**PROBLEM DESCRIPTION**. In the records below, find the line containing "David Yurman Diamond". Output it and every line after it to the end, unchanged, with no pictures.

**DATA**.
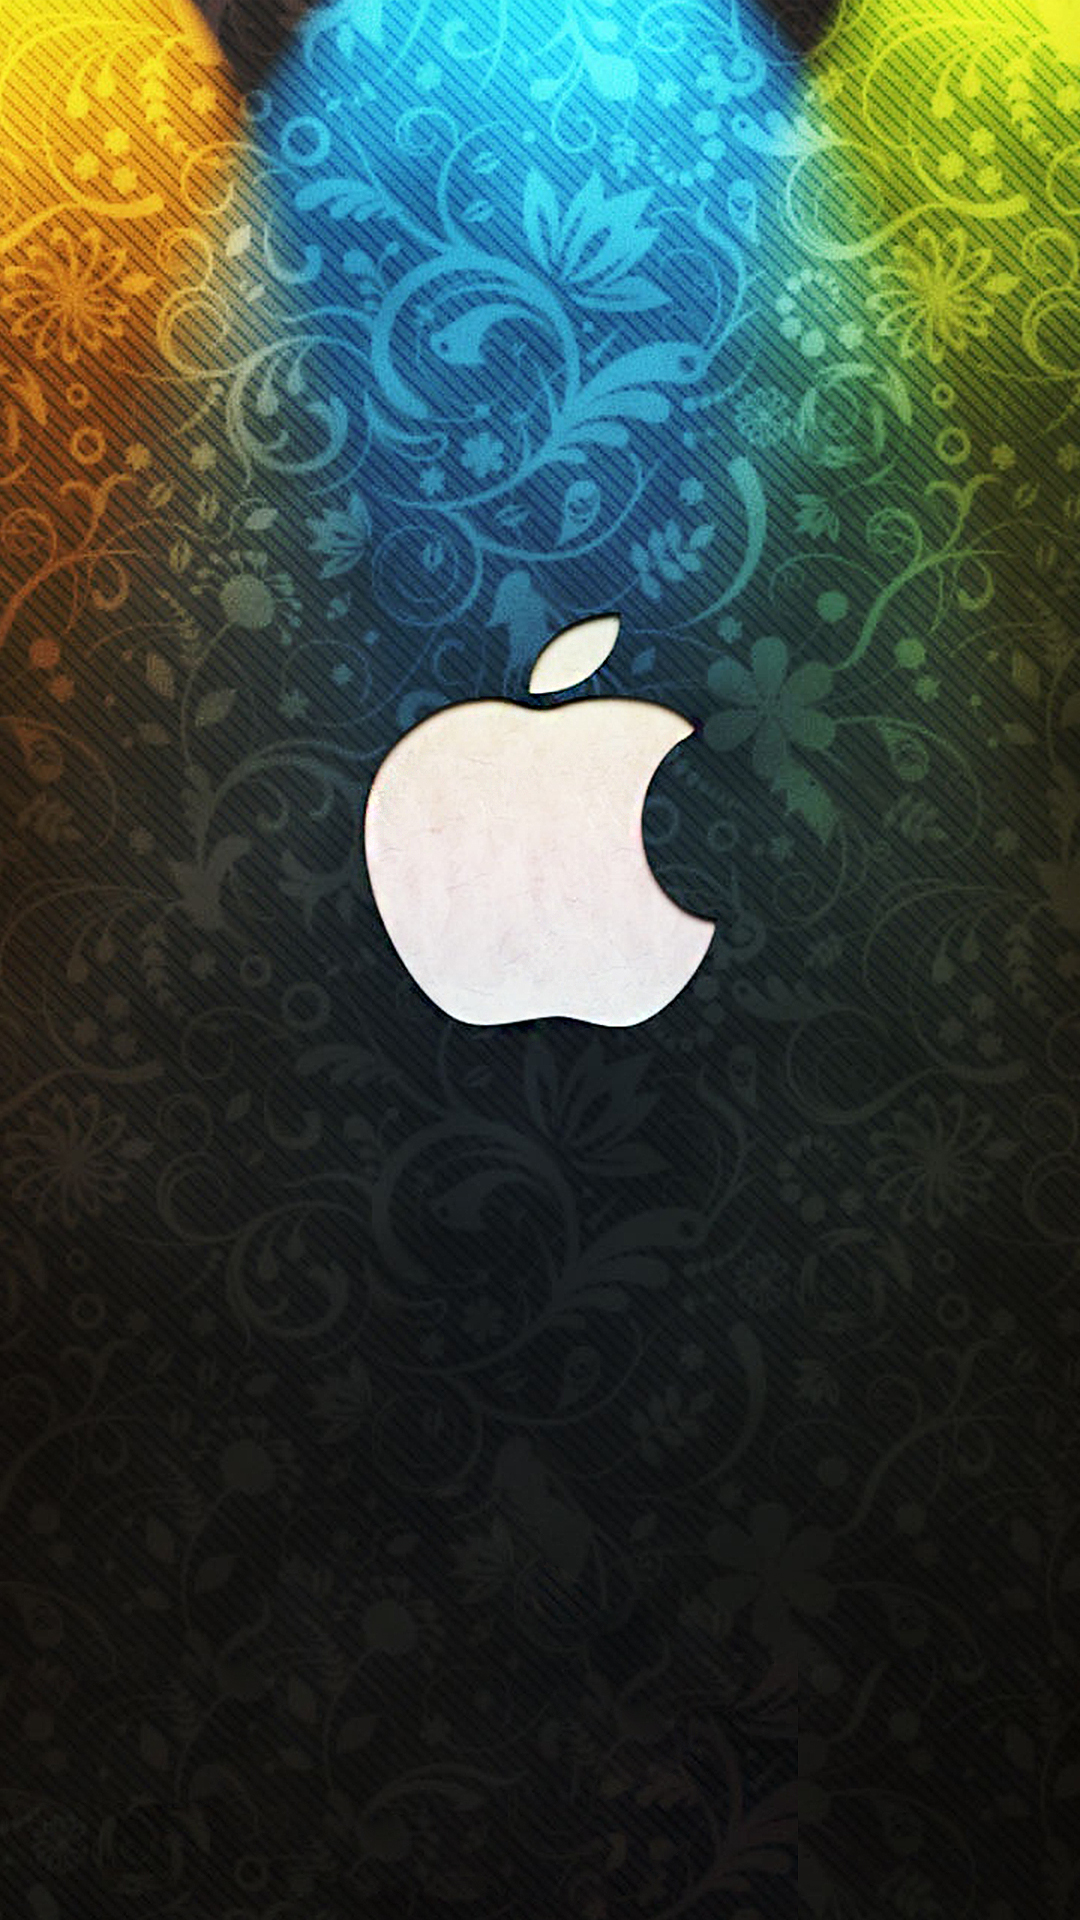 Wallpaper iPhone 6 Apple Mac
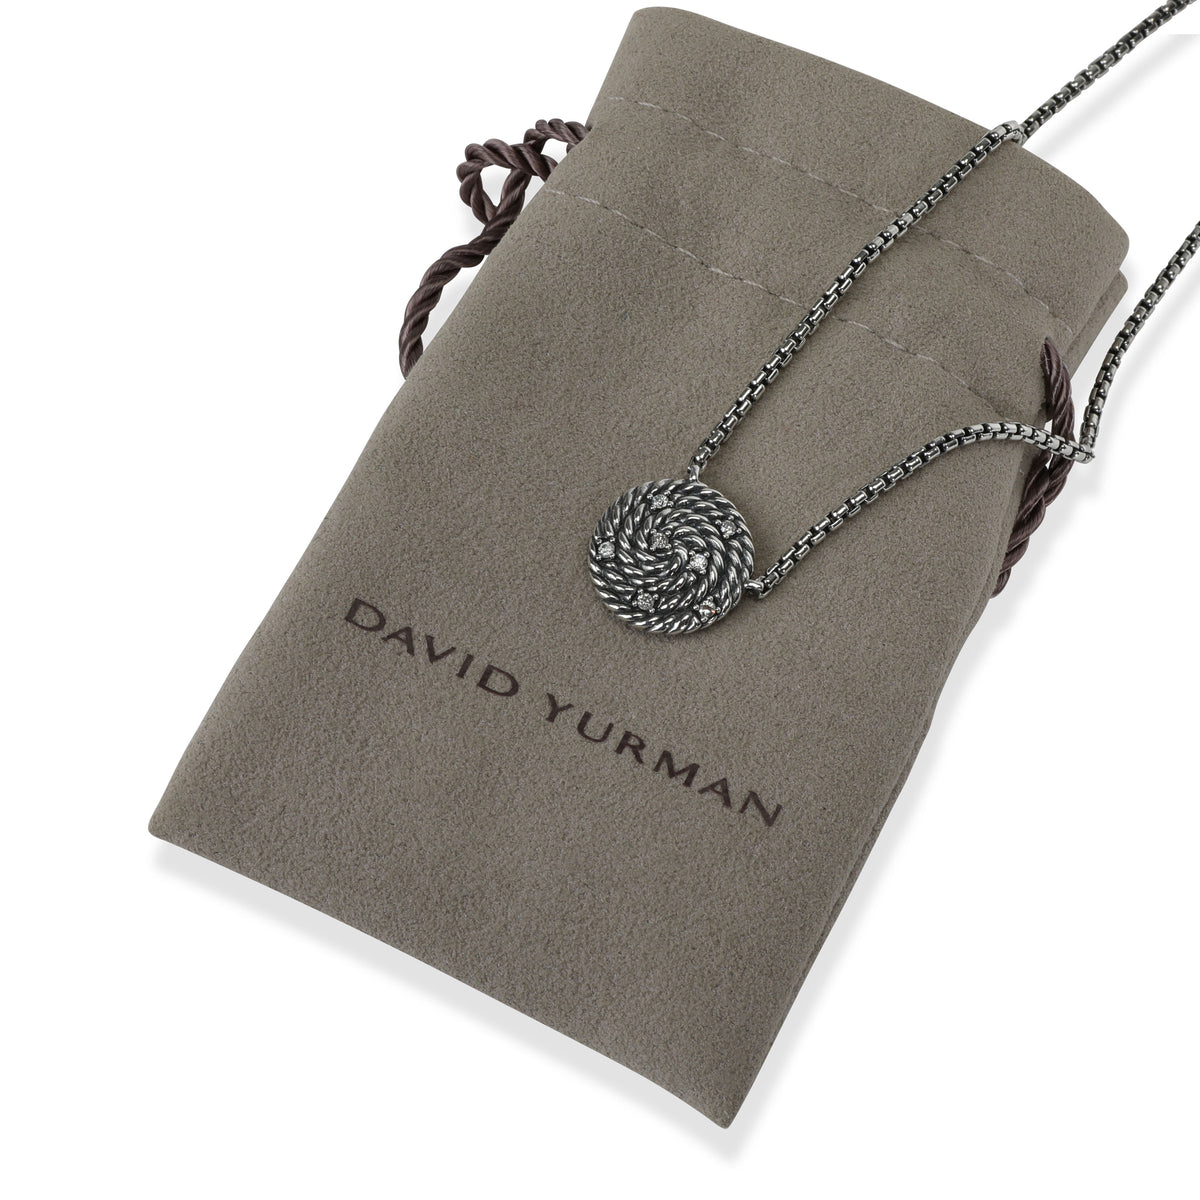 David Yurman Diamond Coil Necklace in  Sterling Silver 0.07 CTW
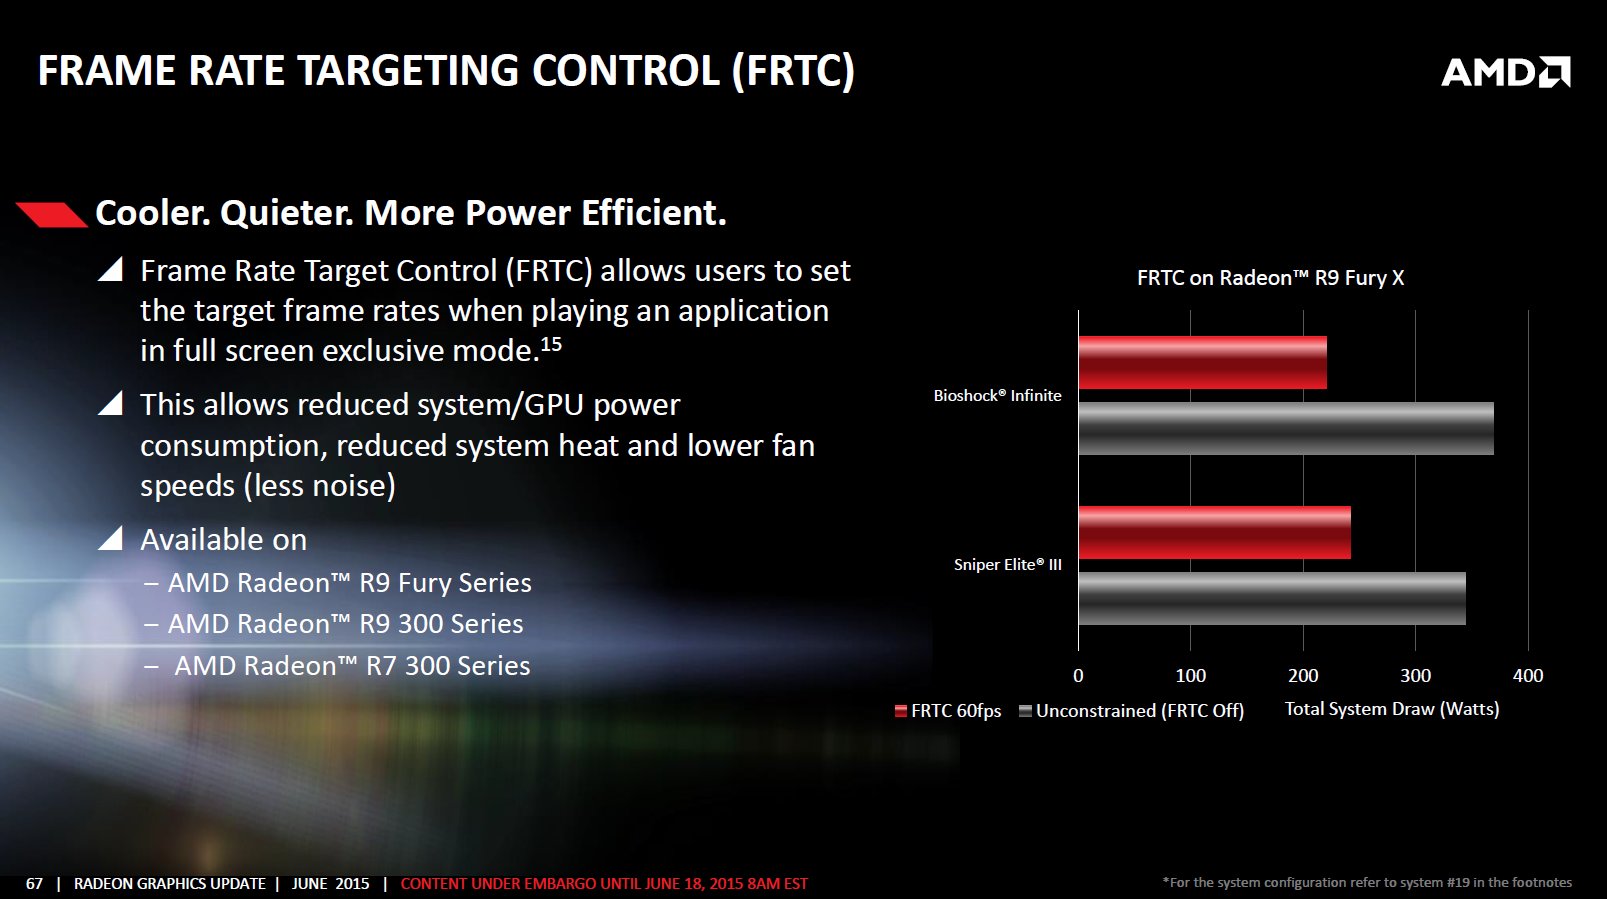 AMDs Frame Rate Target Control
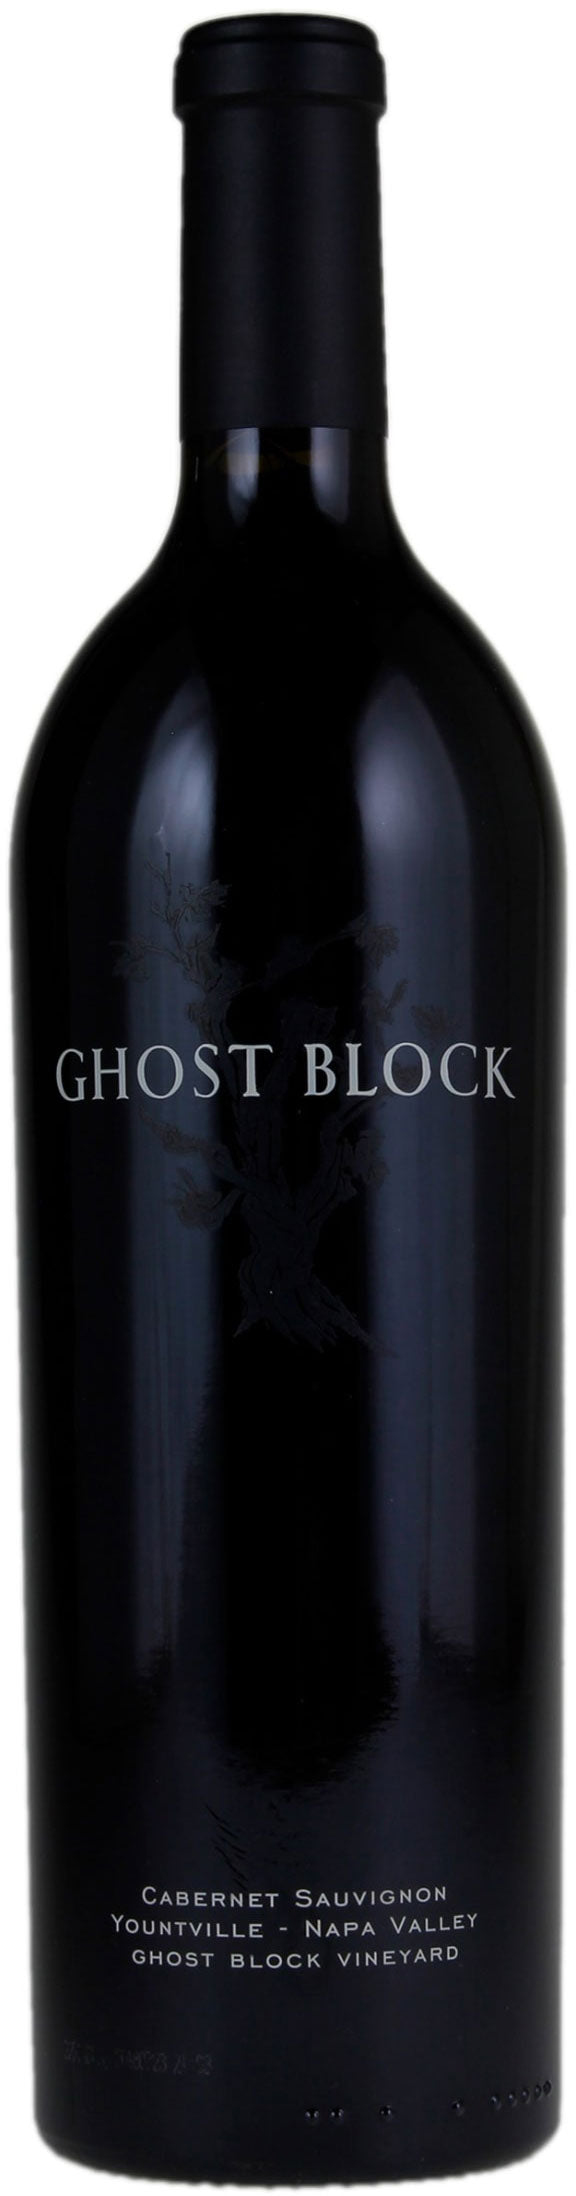 Ghost Block Cabernet Sauvignon Single Vineyard 2017
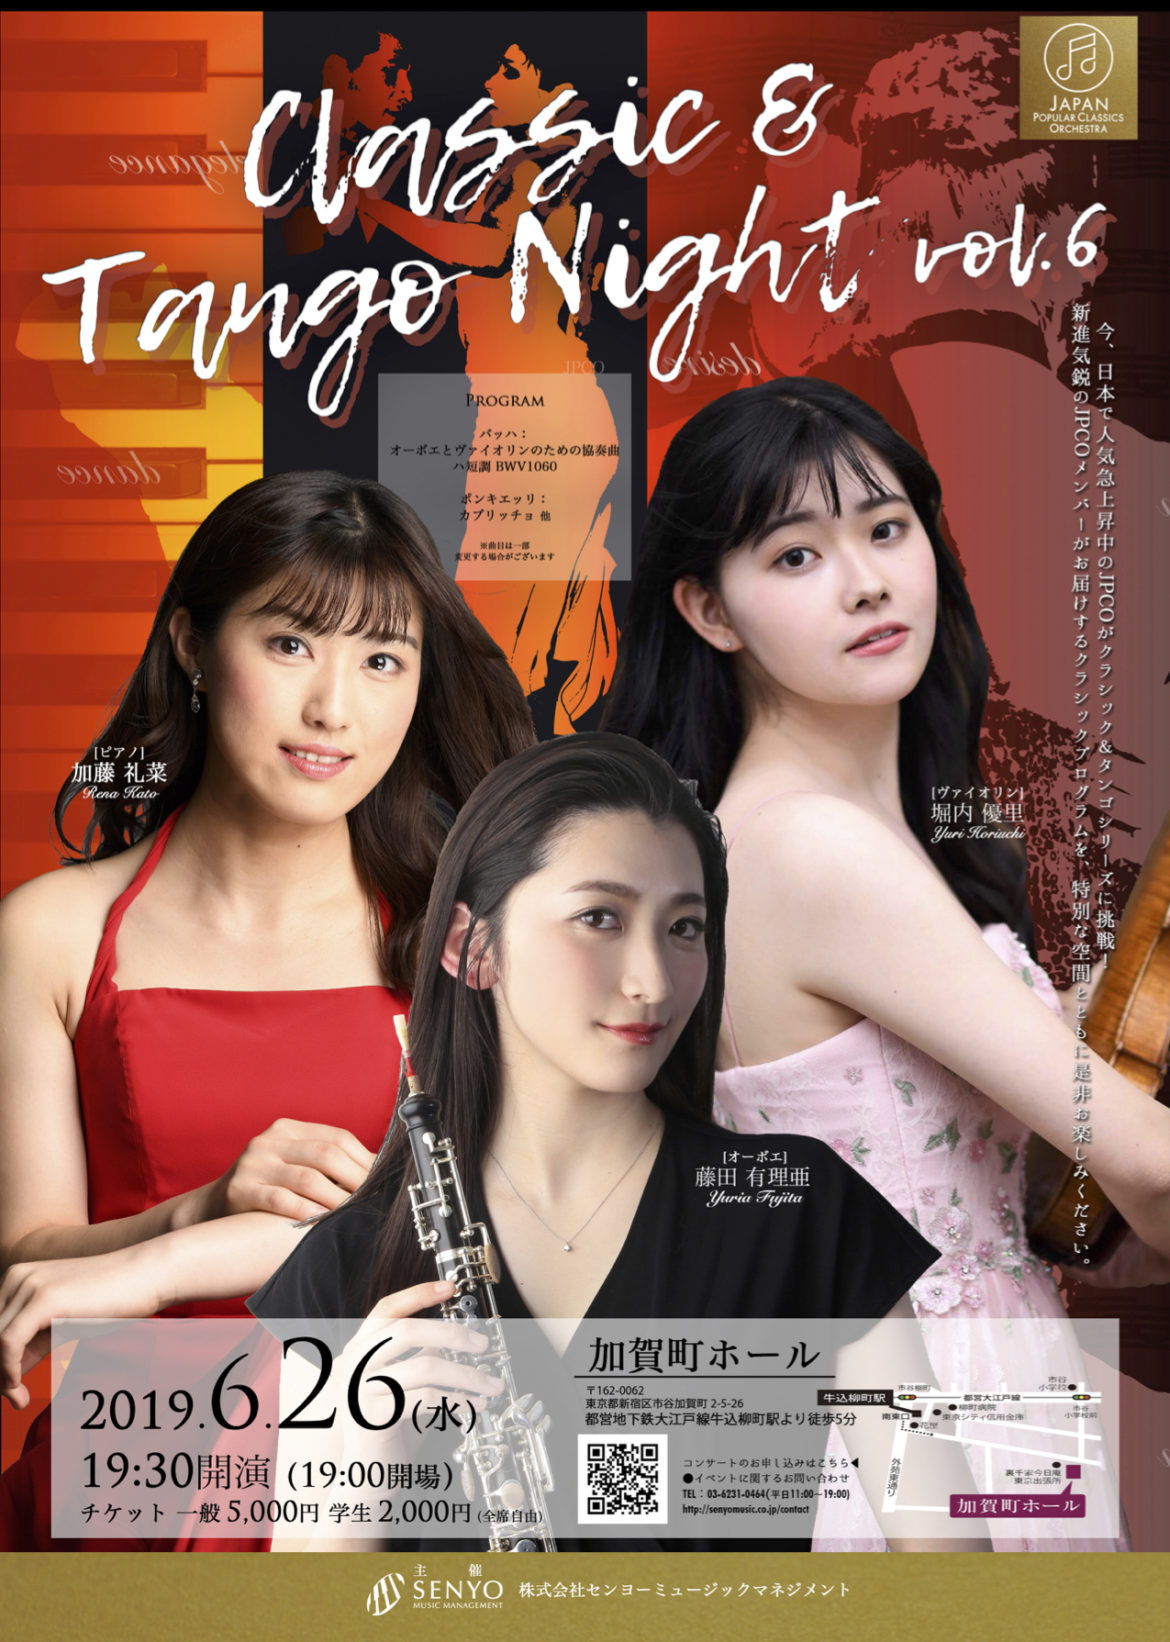 2019.6.26  JPCO CLASSIC & TANGO NIGHT  vol.6

**WRITTEN SOLUTION**.
 David Yurman Diamond Coil Necklace in  Sterling Silver 0.07 CTW
 AMDs Frame Rate Target Control
 Ghost Block Cabernet Sauvignon Single Vineyard 2017
 2019.6.26  JPCO CLASSIC & TANGO NIGHT  vol.6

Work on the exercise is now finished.